2) Boiler: A design such as mine will work nicely. Briefly; fuel (H2 gas with O2 oxidizer) is burned INSIDE the boiler in such a manner that total combustion occurs. No outside air needs to be inducted. Pressure is allowed to build to whatever the desired level is to turn the turbine that is being used and then released to said turbine (under pressure) at the same rate that it is being created thus keeping the boiler in equilibrium. Our initial investment of energy here is the gasses that are burned until the desired pressure is reached. Efficiency should be over 90% here. We are releasing chemical energy as heat here. We add pressure to it for free (aside from initial gas investment).

  Also please note that the combustion reaction itself is taking place underwater in the boiler. This ensures that 100% of the heat released by the combustion is transfered directly to the water. The product of combustion is steam and by burning it underwater the amount of steam produced at more workable temperatures is vastly larger than the amount produced by the reaction alone.

3)Turbine: Since the turbine requires pressure to run the heat losses that are encountered here should still allow us steam at 1100 degrees Celsius to exit the turbine (H2 and O2 burned together in a torch yield 2800 degrees Celsius). Therefore this steam should be able to provide enough heat to cause the catalytic separation of H2 from the steam (in combination with waste heat from the "skin" of the boiler if needed).

    Such separation of H2 from the steam would be accomplished by one or more of the following well known and accepted methods.
           a) By running said steam over carbon. C(s) +  H2O(g)------------>H2(g) + CO(g)
                                                                                            1000 degrees

           b) By running said steam over iron.   4H2O(g) + 3Fe(s)------------->Fe3O4(s) + 4H2(g)
                                                                                              1100 degrees

            c) By running said steam over Platinum. This works with hydrocarbons to  form H2 gas so it is just a suggestion.
                Also running H2 and O2 gasses over Platinum causes them to ignite, so why not?

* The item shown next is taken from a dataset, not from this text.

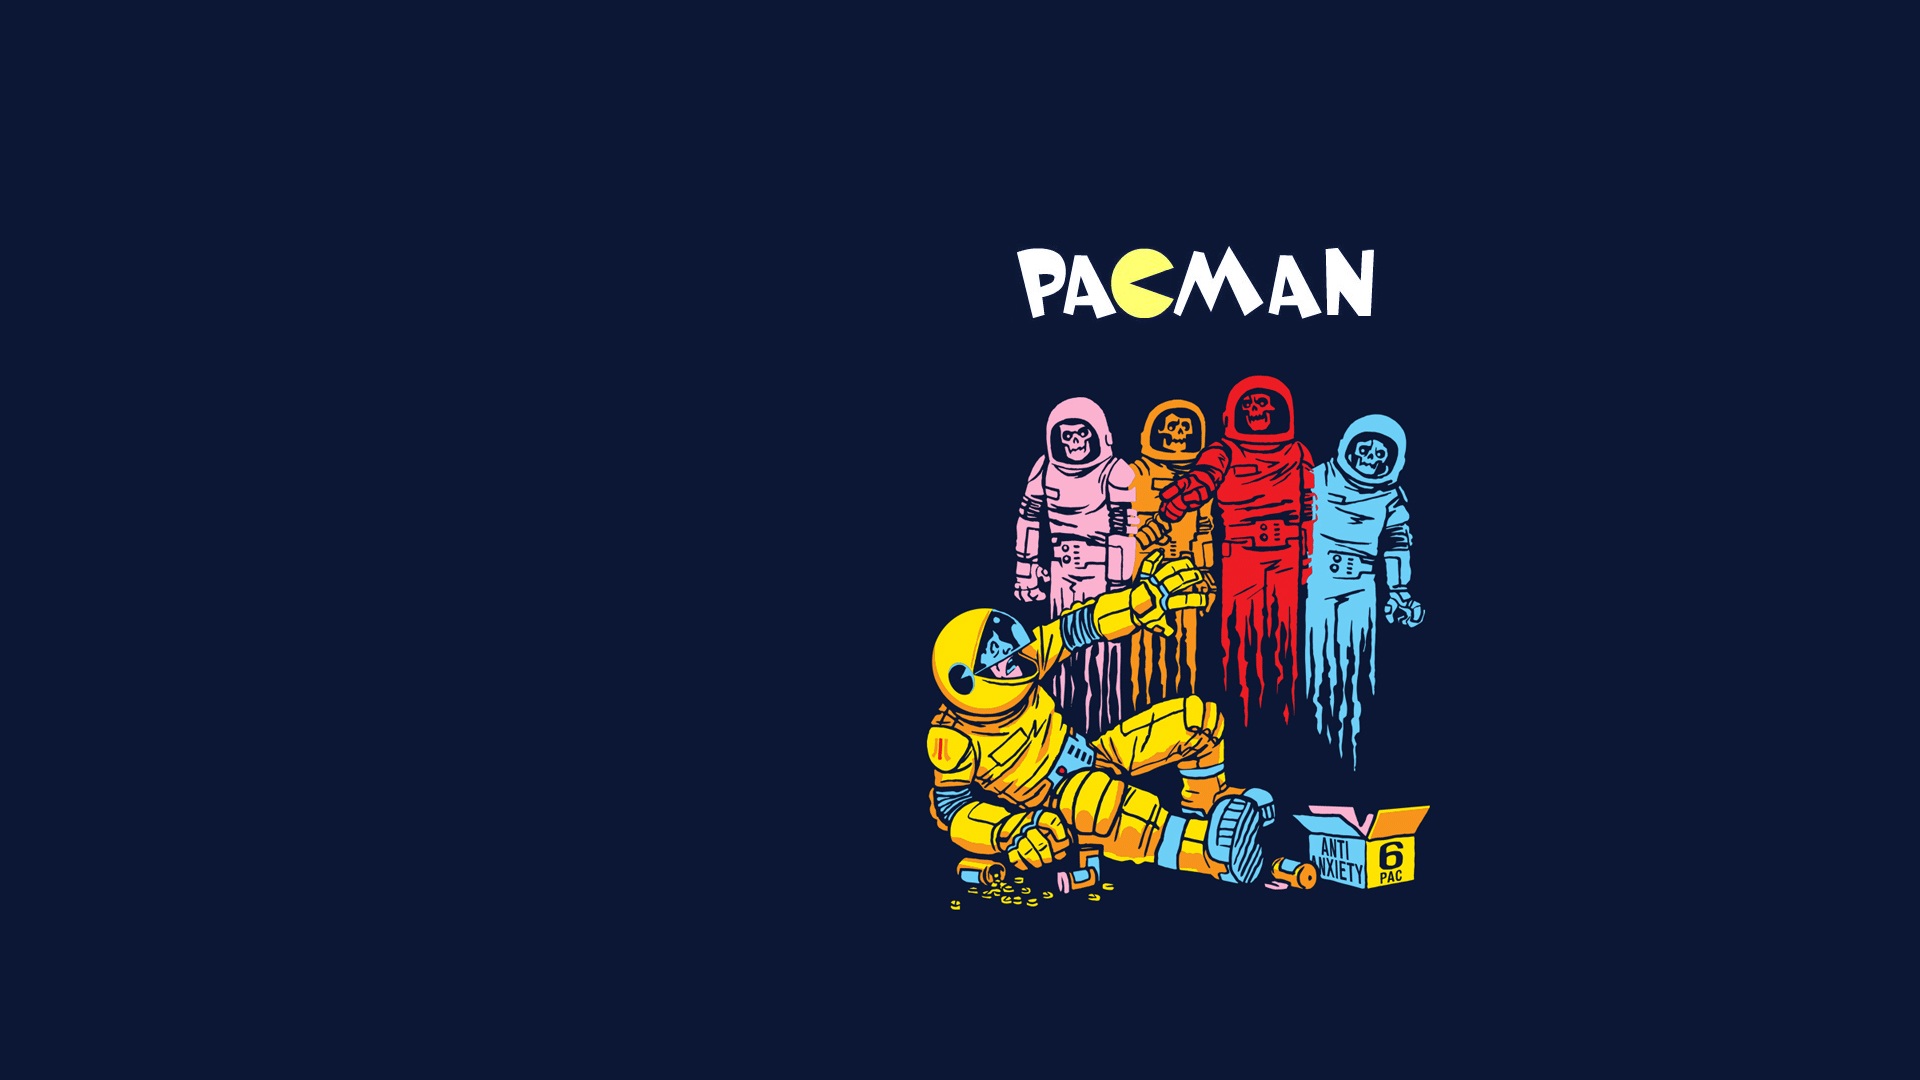 Pacman Love Wallpaper This

    When you run water gas (the product of reaction a) over Fe3O4 you get Fe and CO2 and effectively reverse reaction b. If you run these reactions in line a then b you should end up with the products being H2(g), CO2(g) and some residual steam. It would be nice to have no residual steam but if you do it's not a problem at this point. The engineers can work out the details later. If anyone knows how to crack CO2 into C and O2 let me know (after all, plants do it).

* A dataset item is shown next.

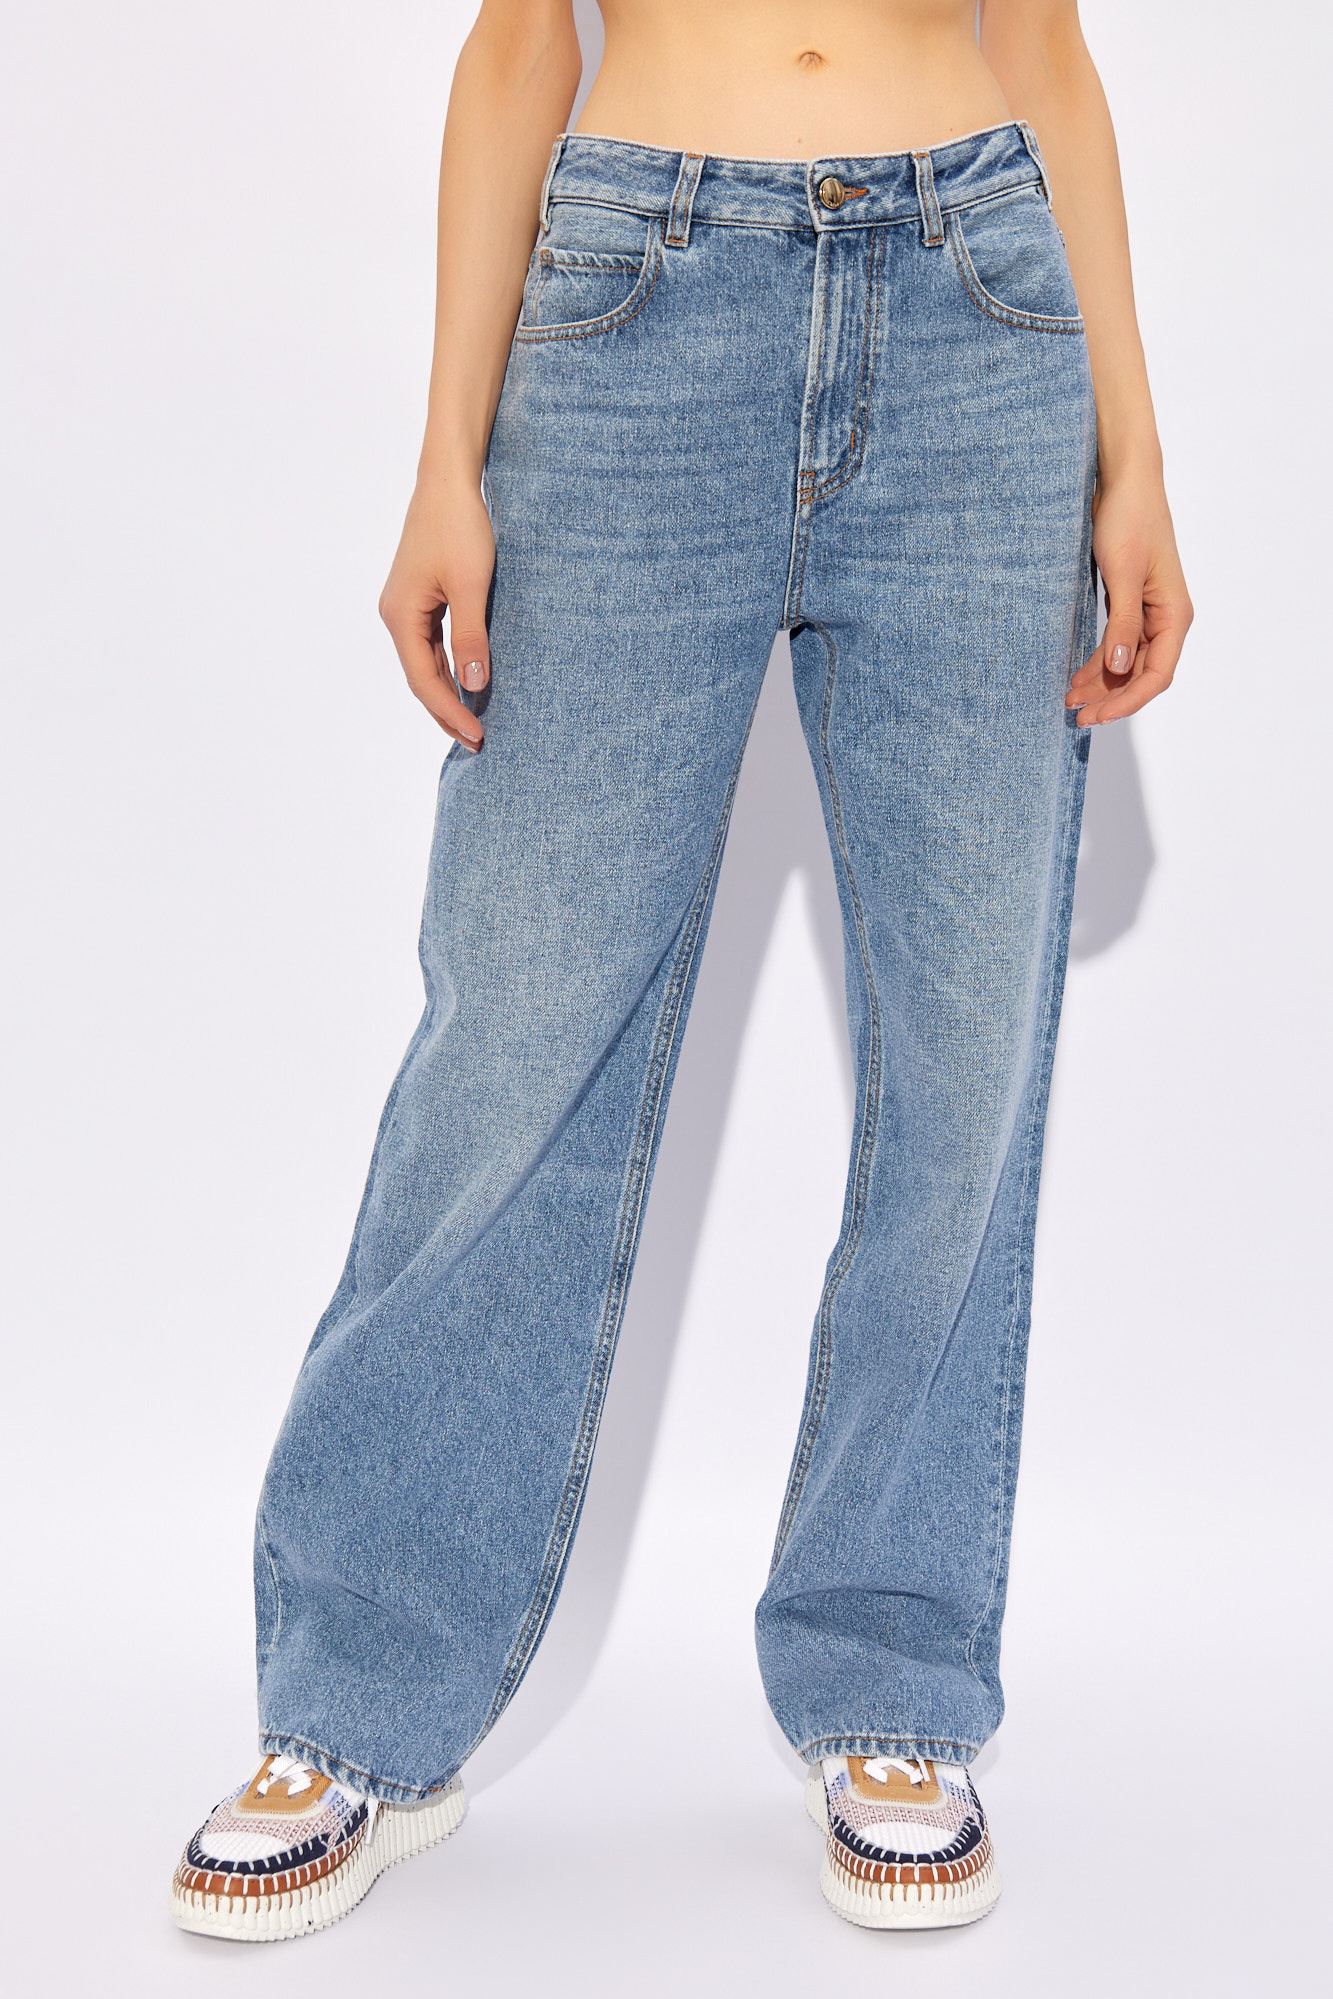 Simply Be Women's Chloe Skinny Jeans

    The catalytic recovery of H2 from from the turbine exhaust using the waste heat of the steam and or the boiler would take some of the load of fuel production off of the electrolysis unit. This will enable the unit to be powered down or run less without affecting the power output of the system. Or on the other hand, a larger turbine could be used and more energy produced with no additional energy input (beyond the initial level of the electrolysis unit). A converter should be able to run at 70% efficiency or better (automotive ones do).

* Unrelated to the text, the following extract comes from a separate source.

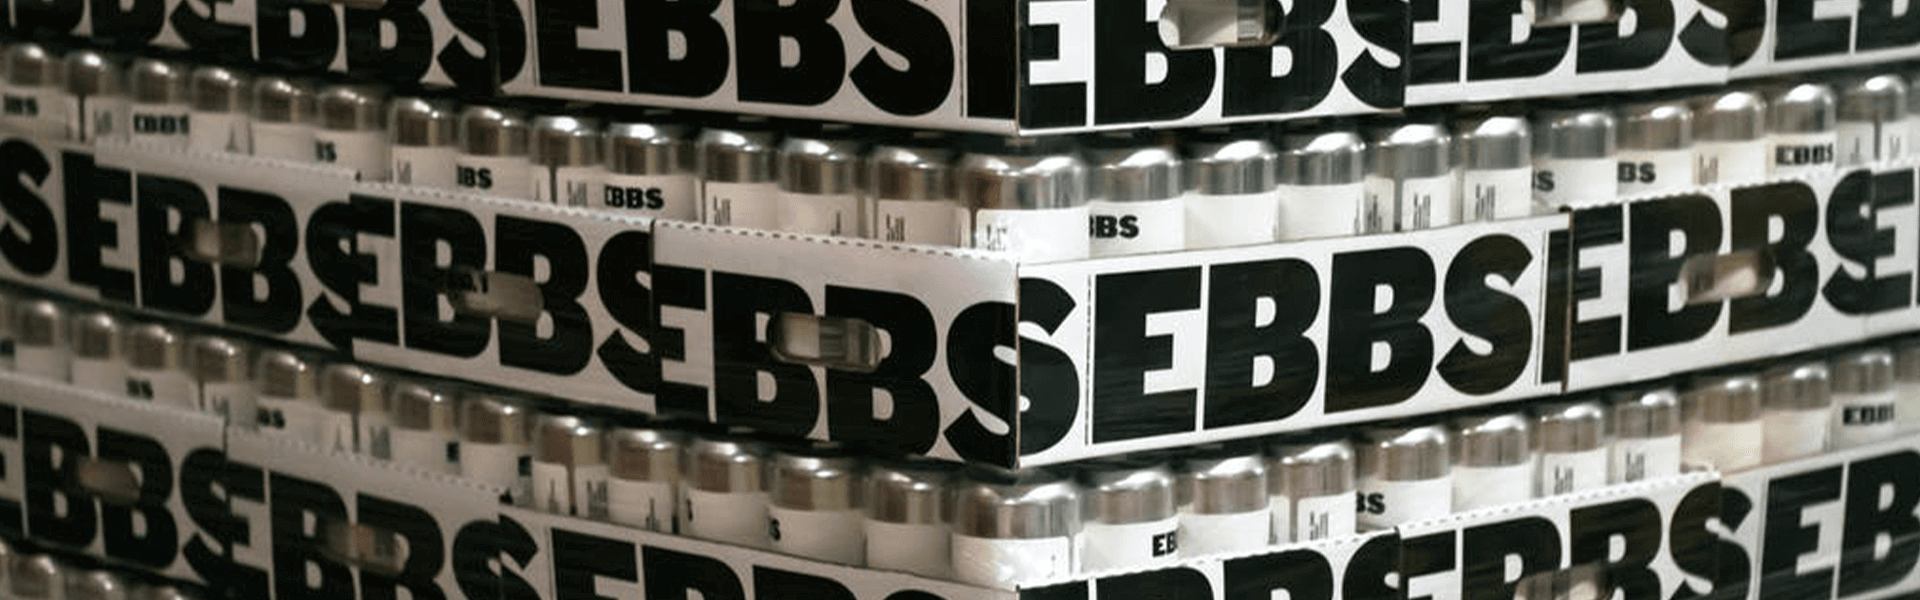 EBBS Brewing Co.

    The H2 which is not recovered from the steam by catalysis would be recondensed and used to feed the electrolysis unit.
The output of the whole system would look like the following projection. For this example I use pretty much standard, i.e.;"achievable", output/loss figures. Any of these numbers could be modified by engineering the system better. The point it that building something like this should be possible NOW by using existing technologies and devices with perhaps slight modification. It's not true OU but it's getting close.

  1) I assume an electrolysis unit capable of producing 2oz of H2 per minute.
           2) A boiler/turbine setup such as the one I designed.
           3) A catalytic converter using commonly accepted technology.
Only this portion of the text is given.